Beneath this line are the data; copy exactly the part of them that opens with the line containing "[Meetup] Les outils du Design de Service" and closes with the line containing "Vivienne Westwood Stiefelette", and only that part.

→ **MATERIAL SUPPLIED**:
-- -- --
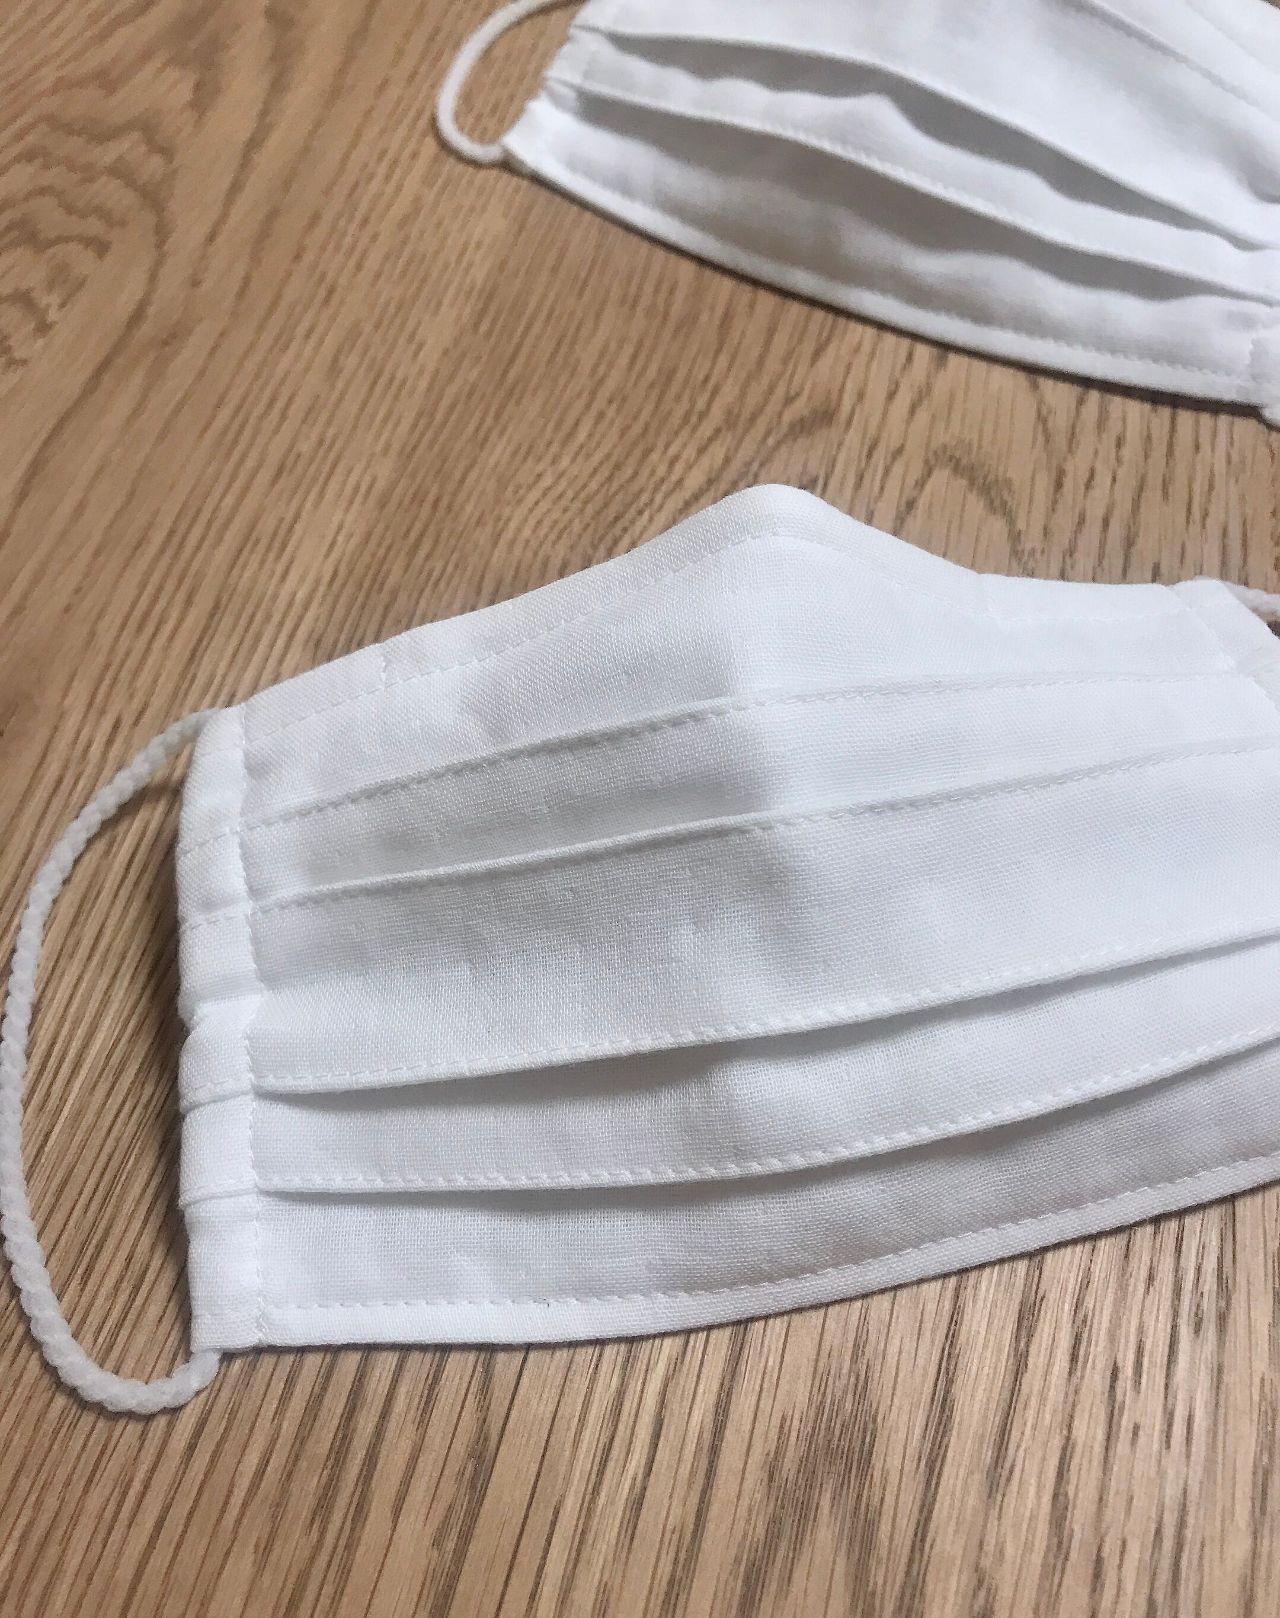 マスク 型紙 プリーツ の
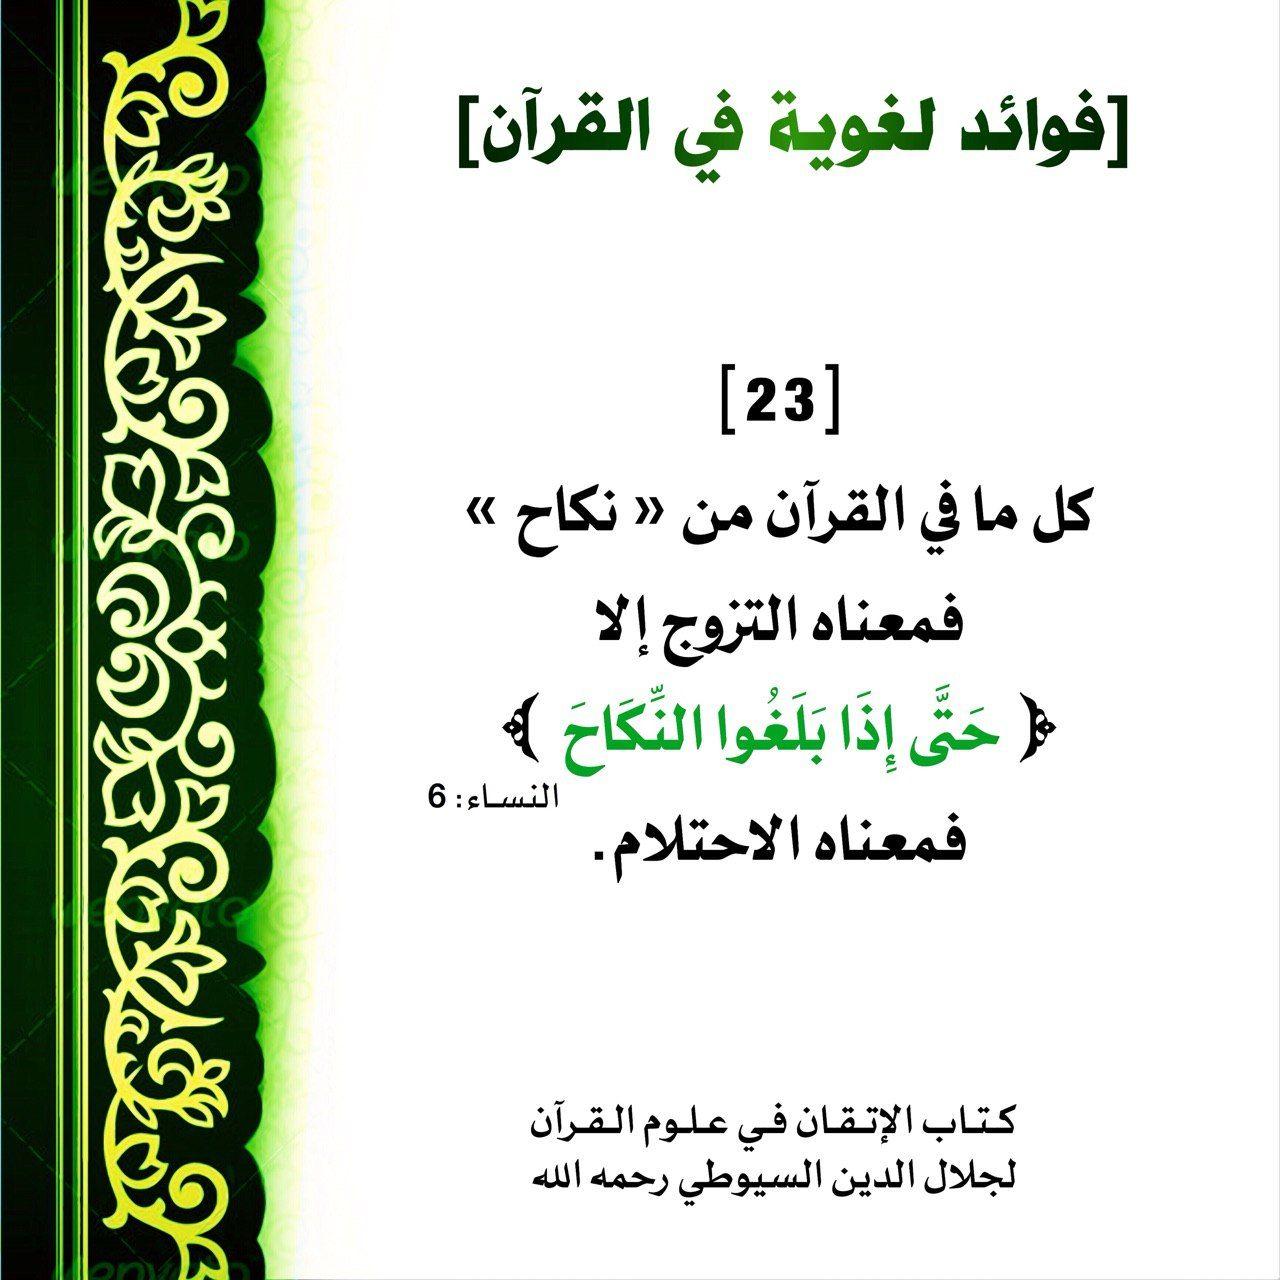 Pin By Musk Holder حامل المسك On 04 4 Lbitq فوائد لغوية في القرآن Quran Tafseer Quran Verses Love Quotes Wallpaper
-- -- --
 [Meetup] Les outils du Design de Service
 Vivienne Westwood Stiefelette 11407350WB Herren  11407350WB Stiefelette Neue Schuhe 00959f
-- -- --
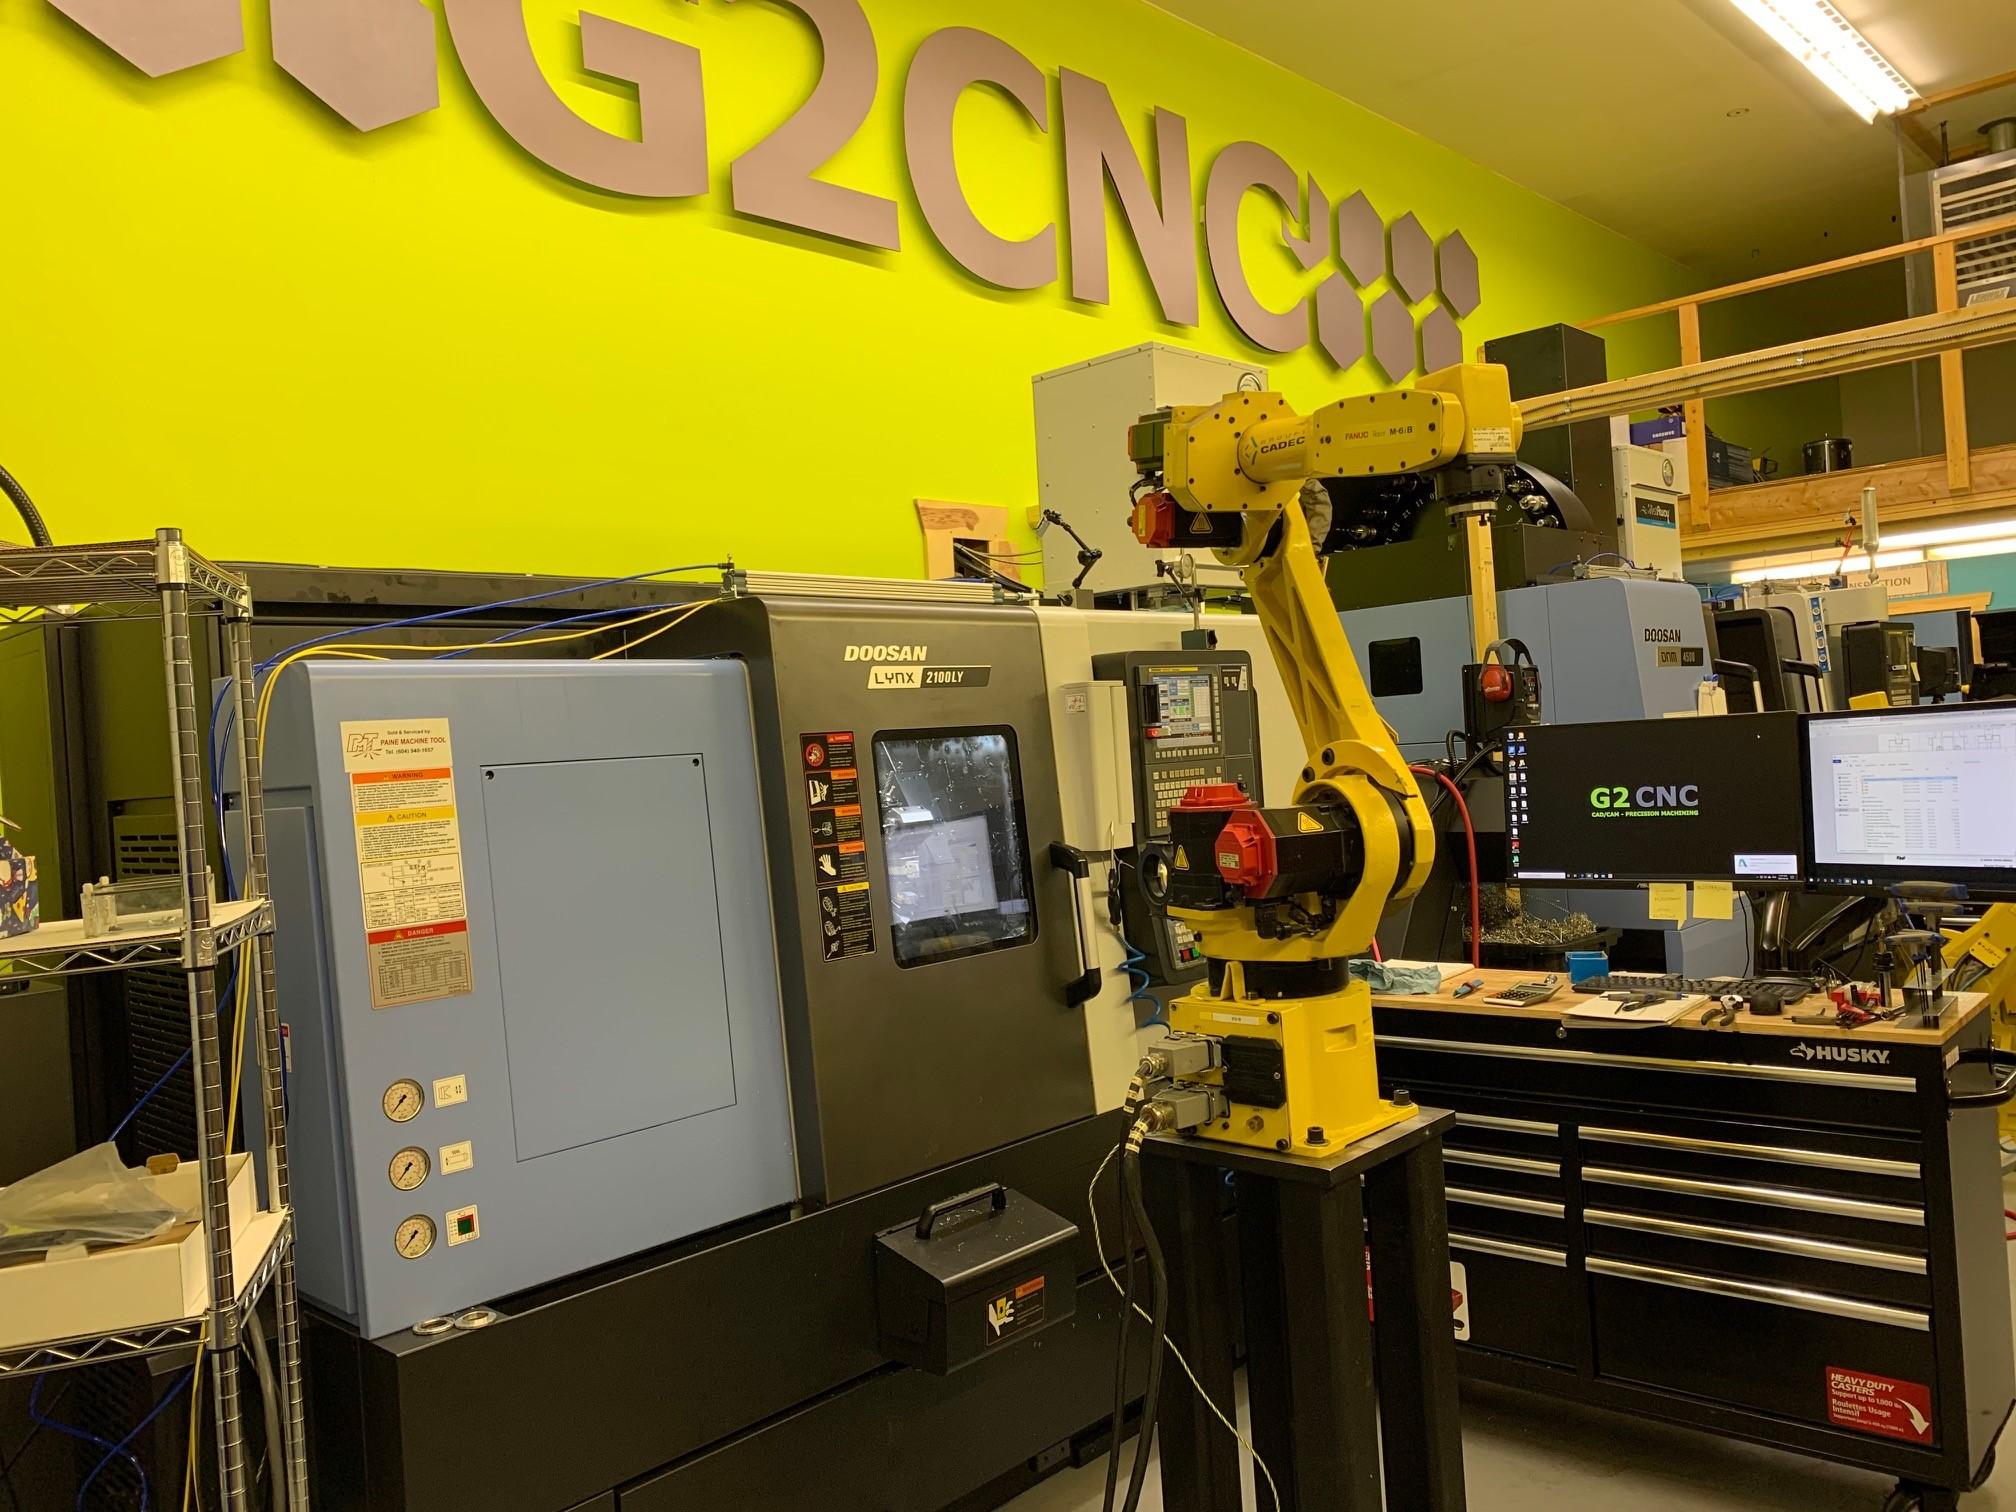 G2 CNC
-- -- --
→ **TASK ANSWER**:
 [Meetup] Les outils du Design de Service
 Vivienne Westwood Stiefelette 11407350WB Herren  11407350WB Stiefelette Neue Schuhe 00959f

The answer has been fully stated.